WHAT YOU NEED TO DO:
Below are the records; give again exactly the line with "Fiat Fiorino - Wikipedia", the line with "Фото 1 - Краска", and each line that lies between them, and nothing besides.

[[ RECORDS FOR THE TASK open ]]

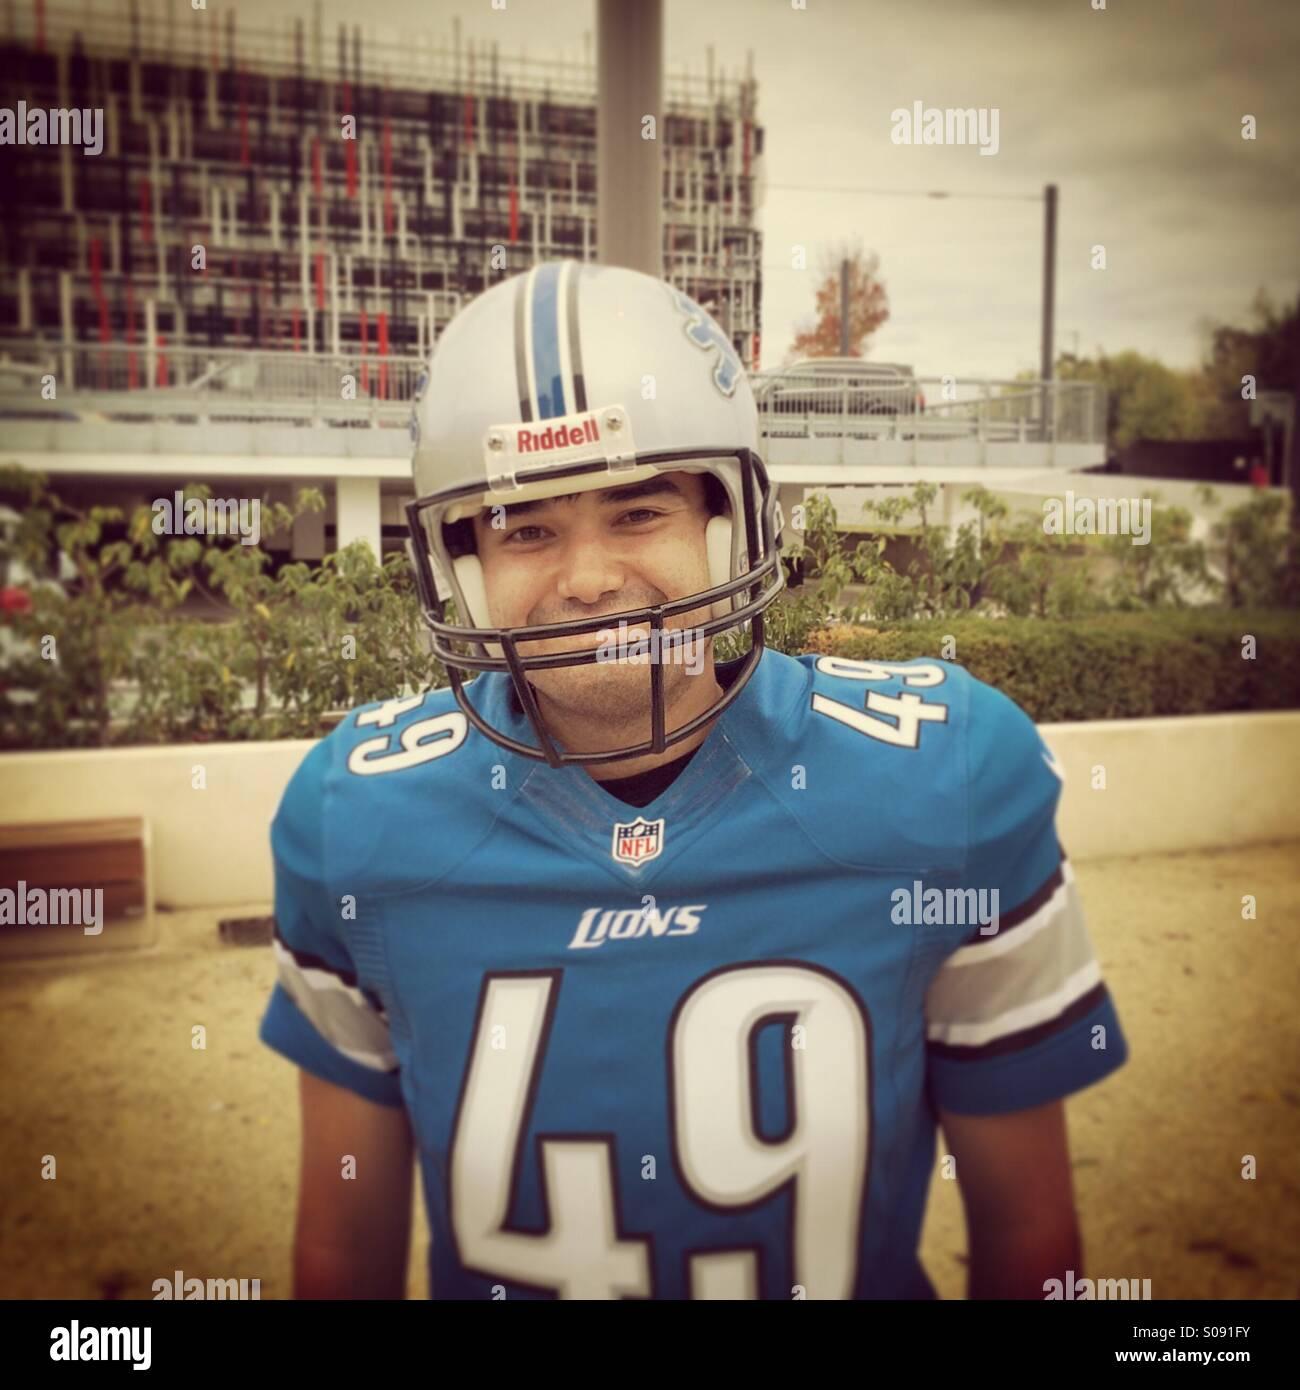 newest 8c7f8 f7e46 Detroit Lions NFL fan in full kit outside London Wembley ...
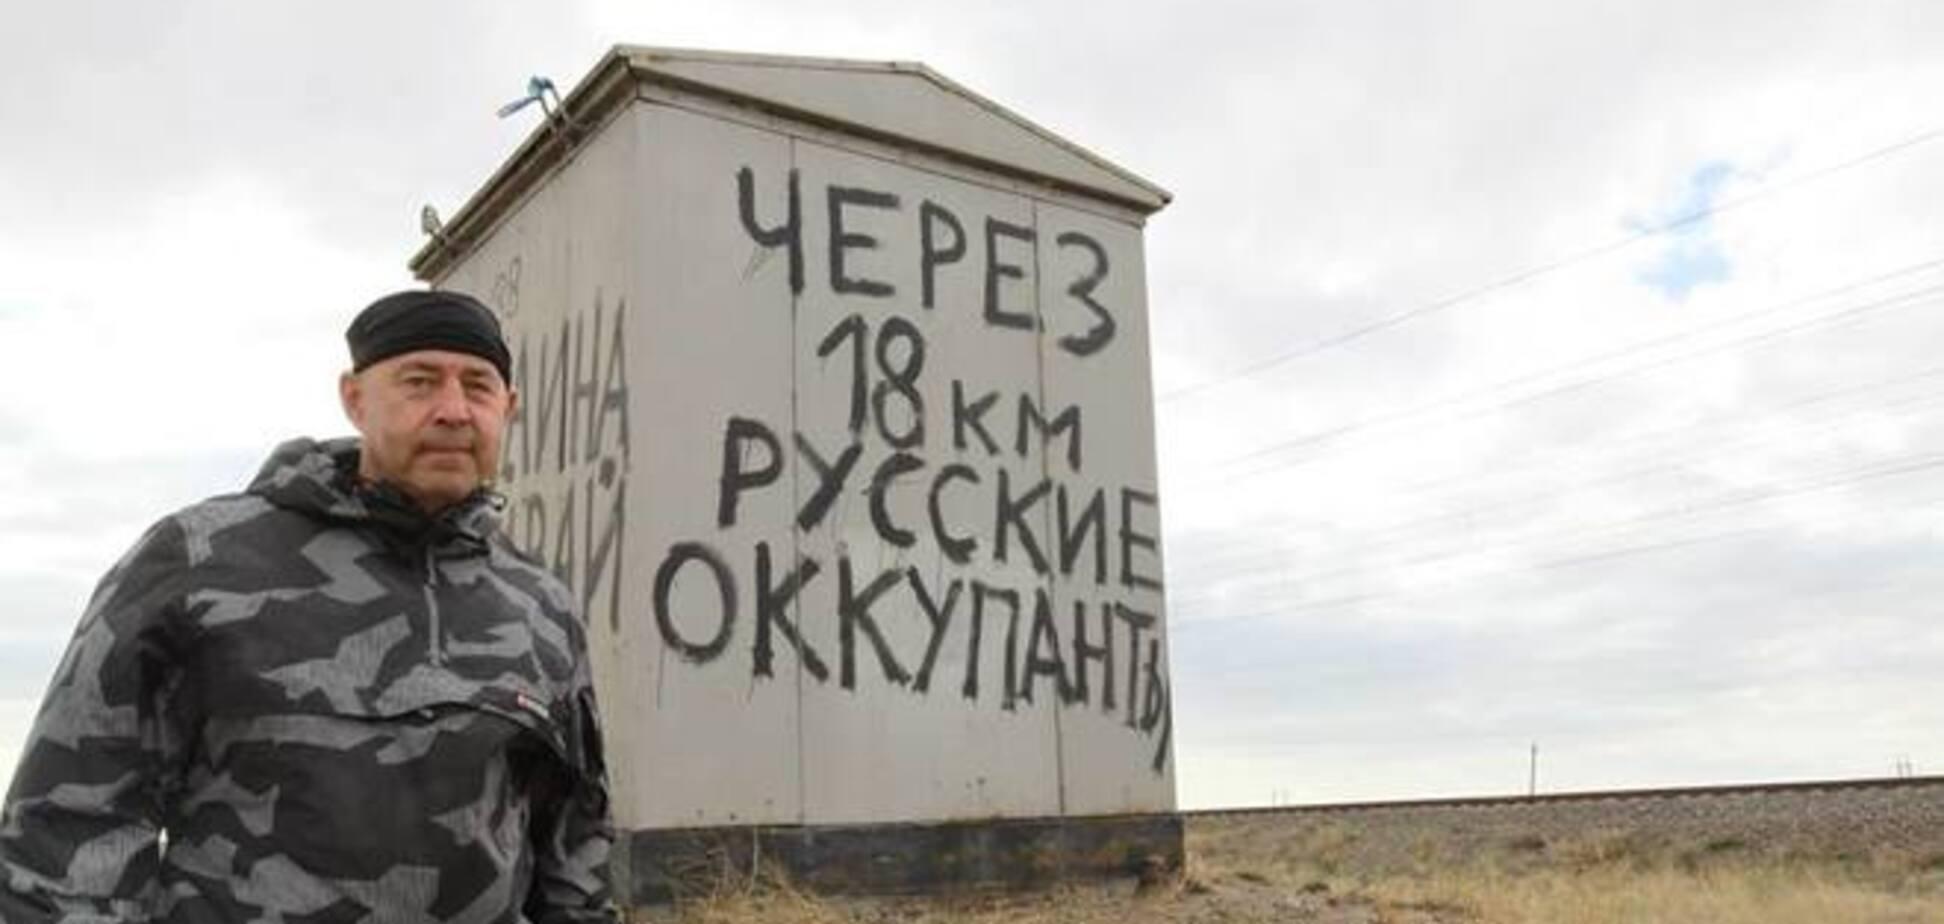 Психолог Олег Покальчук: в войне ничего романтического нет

[[ RECORDS FOR THE TASK closed ]]
[[ RECORDS FOR THE TASK open ]]

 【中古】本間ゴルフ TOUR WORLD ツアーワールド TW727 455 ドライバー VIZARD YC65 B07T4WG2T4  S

[[ RECORDS FOR THE TASK closed ]]
[[ RECORDS FOR THE TASK open ]]

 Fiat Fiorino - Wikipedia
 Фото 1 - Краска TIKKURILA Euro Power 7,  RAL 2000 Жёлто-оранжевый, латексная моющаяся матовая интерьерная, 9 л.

[[ RECORDS FOR THE TASK closed ]]

TASK RESPONSE:
 Fiat Fiorino - Wikipedia
 Фото 1 - Краска TIKKURILA Euro Power 7,  RAL 2000 Жёлто-оранжевый, латексная моющаяся матовая интерьерная, 9 л.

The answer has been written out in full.